- _Entries taken from a collection_:
%%

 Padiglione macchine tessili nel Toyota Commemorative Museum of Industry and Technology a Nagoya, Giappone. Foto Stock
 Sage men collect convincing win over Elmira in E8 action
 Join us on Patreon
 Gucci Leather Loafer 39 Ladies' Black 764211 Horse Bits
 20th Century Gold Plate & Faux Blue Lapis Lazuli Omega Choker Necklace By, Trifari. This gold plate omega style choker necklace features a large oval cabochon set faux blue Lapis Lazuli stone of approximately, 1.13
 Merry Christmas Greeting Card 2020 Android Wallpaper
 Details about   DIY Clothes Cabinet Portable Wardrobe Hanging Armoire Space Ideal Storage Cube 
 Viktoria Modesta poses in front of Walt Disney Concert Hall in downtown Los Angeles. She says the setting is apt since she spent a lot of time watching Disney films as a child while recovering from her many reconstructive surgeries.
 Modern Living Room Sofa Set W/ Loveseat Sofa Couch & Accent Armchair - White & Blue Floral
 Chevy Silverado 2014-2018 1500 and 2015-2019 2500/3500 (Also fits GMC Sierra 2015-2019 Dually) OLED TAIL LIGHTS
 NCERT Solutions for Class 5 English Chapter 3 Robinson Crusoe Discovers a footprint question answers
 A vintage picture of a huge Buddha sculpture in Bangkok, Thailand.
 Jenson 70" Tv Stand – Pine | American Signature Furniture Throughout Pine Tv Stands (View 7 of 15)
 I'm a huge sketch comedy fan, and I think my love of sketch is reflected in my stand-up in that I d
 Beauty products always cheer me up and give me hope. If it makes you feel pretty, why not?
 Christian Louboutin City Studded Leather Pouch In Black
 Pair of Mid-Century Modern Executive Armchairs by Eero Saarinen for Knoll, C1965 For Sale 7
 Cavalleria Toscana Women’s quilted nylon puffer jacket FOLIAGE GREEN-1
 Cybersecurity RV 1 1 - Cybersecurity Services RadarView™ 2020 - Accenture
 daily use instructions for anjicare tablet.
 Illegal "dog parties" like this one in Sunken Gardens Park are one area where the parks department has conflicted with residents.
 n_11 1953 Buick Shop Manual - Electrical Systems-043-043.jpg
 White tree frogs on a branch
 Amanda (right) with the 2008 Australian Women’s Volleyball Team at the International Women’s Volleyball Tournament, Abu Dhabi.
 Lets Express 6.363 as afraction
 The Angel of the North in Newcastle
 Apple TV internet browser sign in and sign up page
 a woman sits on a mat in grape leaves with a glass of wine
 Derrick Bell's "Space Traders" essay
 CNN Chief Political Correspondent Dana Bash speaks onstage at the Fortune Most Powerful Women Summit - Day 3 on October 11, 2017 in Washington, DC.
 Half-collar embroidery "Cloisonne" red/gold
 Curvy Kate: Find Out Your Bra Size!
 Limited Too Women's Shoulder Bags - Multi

%%

- _WHAT YOU WILL DO_: Your task for the entries above: copy exactly the span starting with the line with "conflicted with residents." and going on through the line with "White tree frogs on a branch", both lines included, and nothing else.

- _RESULT_:
 Illegal "dog parties" like this one in Sunken Gardens Park are one area where the parks department has conflicted with residents.
 n_11 1953 Buick Shop Manual - Electrical Systems-043-043.jpg
 White tree frogs on a branch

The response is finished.